# Biophysics Problem 46

A uniform, solid sphere of mass \(\mathrm{m}\) and radius \(\mathrm{r}\) rolls down a hill of height \(\mathrm{20 \;m.}\) Ignoring energy losses due to friction, what is the sphere's speed at the bottom? (Recall for a sphere, the moment of inertia \(\mathrm{I = 2/5 \;M\; R^2}\)).

Assume the sphere starts from rest so that initially it has no kinetic energy. At the bottom of the hill, all its initial potential energy will have been converted to kinetic energy.

This problem must be solved using the concepts of conservation of energy. Remember, the sphere will have both translational and rotational kinetic energies when it gets to the bottom.

Write out the equation for conservation of energy for this system.

Your equation should be:

\(\mathrm{m \;g\; h = \frac{1}{2}\; m\; v^2 + \frac{1}{2}\; I\; \omega^2}\)

There seems to be, at first glance, a lot of unknowns in this equation.
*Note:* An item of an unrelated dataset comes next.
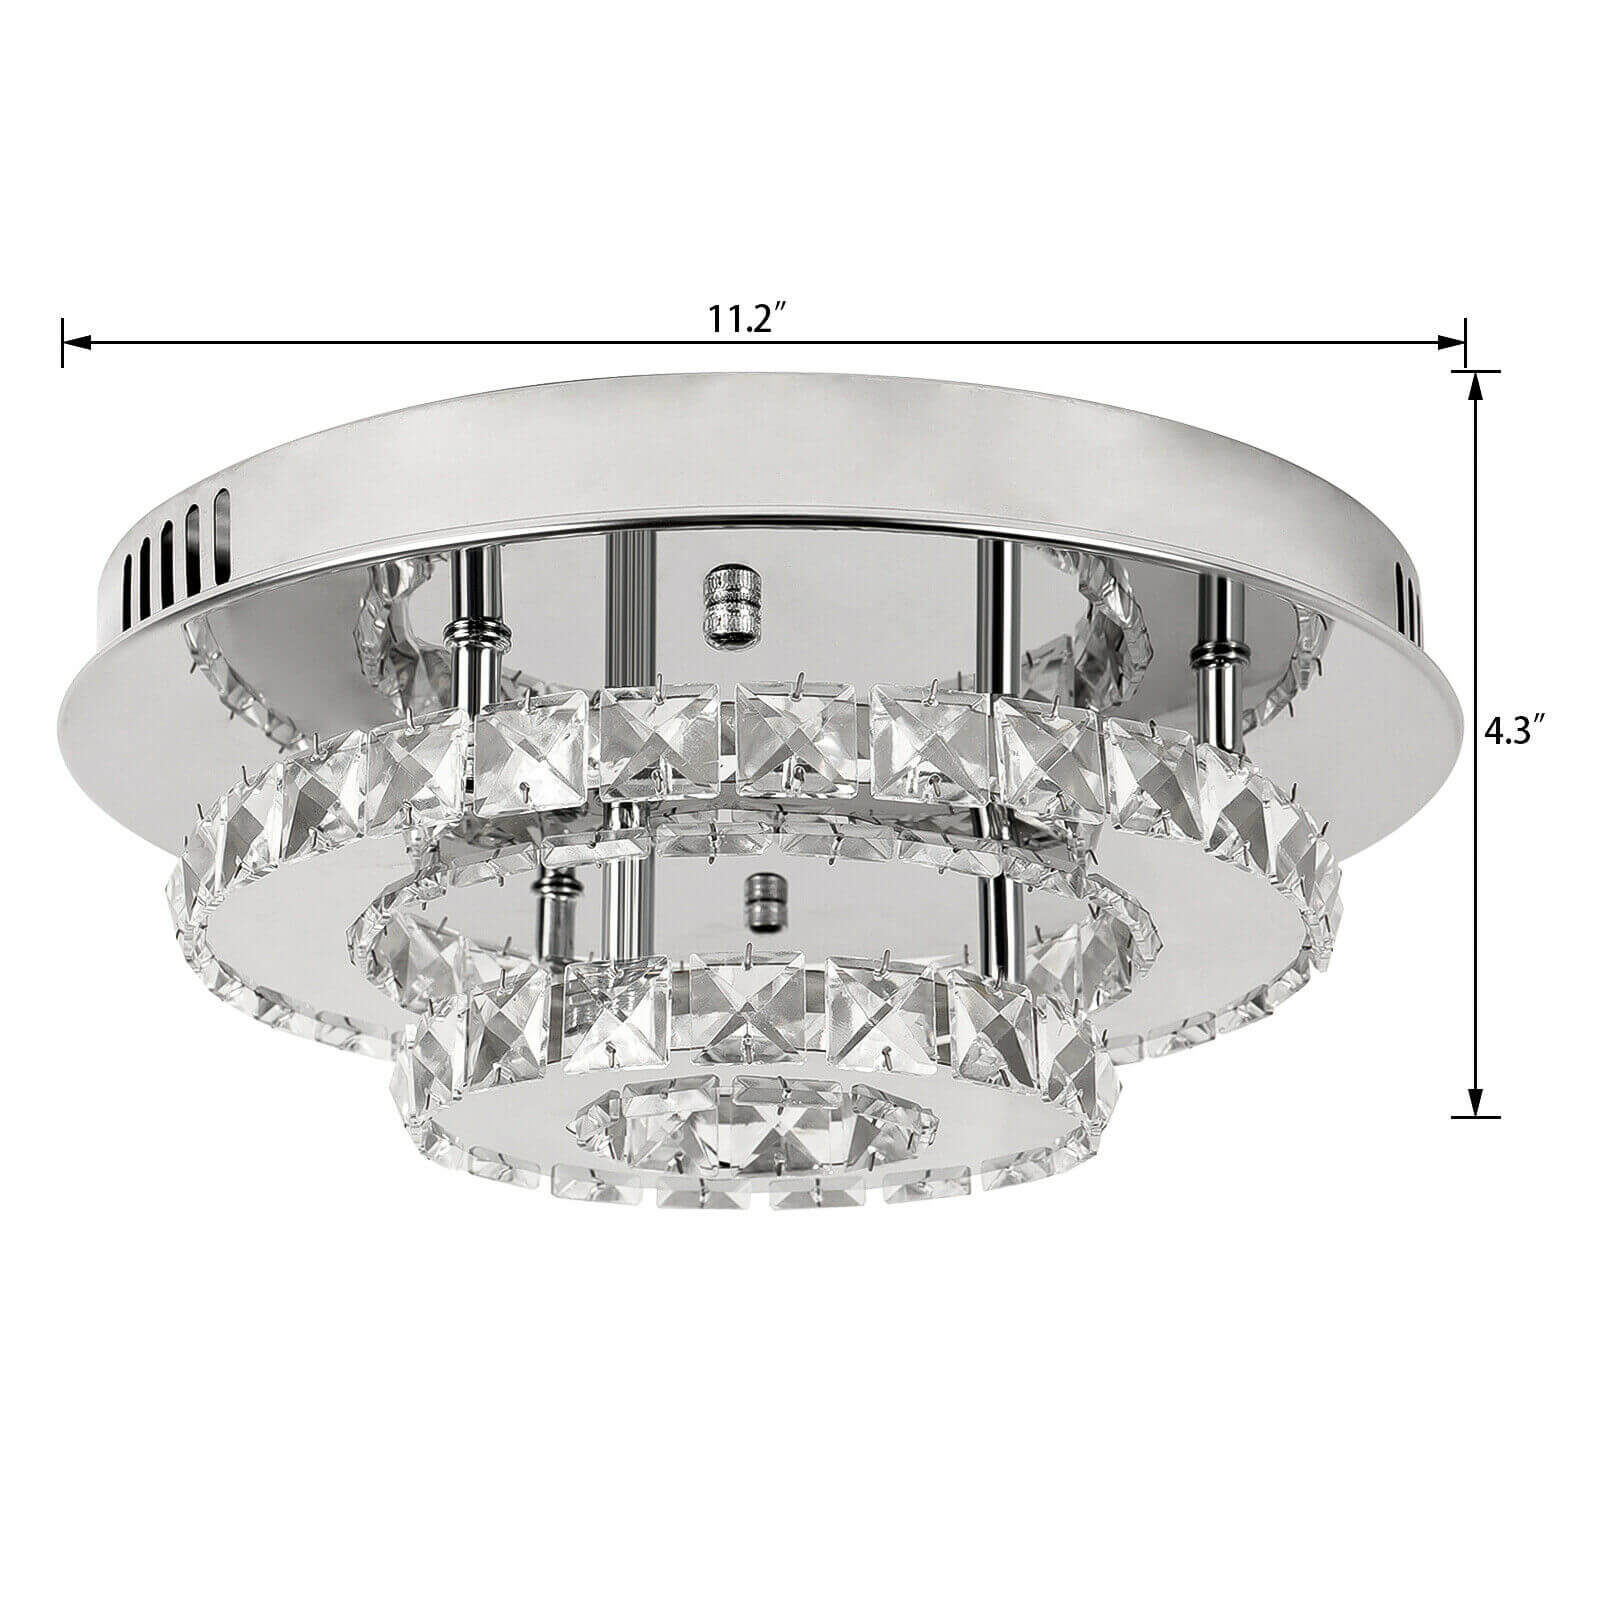 size of 2-Tier Luxury Crystal LED Ceiling Light

Let's see if we can get rid of some of them. Don't lose sight of our objective, which is to find the final velocity \(\mathrm{v.}\)

Remember, we were given \(\mathrm{ h}\) and we also know that \(\mathrm{\omega = v/r.}\) Substitute these into our energy conservation equation.

You should have written down:

\(\mathrm{m \;g\; h = \frac{1}{2}\; m\; v^2 + \frac{1}{2}\; \biggl( \frac{2}{5}\; m\; r^2 \biggr) \biggl(\frac{v^2}{r^2} \biggr)}\)

Notice that a lot of things will cancel out now. Rewrite the equation after cancelling out the appropriate variables, but do not rearrange the equation.

Your equation should now look like this:

\(\mathrm{g\; h = \frac{1}{2}\; v^2 + \frac{1}{5}\; v^2}\)

\(\mathrm{gh = \frac{7}{10}\; v^2}\)

Now calculate \(\mathrm{v}\) in \(\mathrm{m\; s^{-1}.}\)

You should have had:

\(\mathrm{v = \sqrt{ \frac{10\; g \;h}{7} } = \sqrt{ \frac{ 10 (9.8\; m\; s^{-2}) (20\; m)} {7} } = 16.7 \;m\; s^{-1} = 17\; m \;s^{-1}.}\)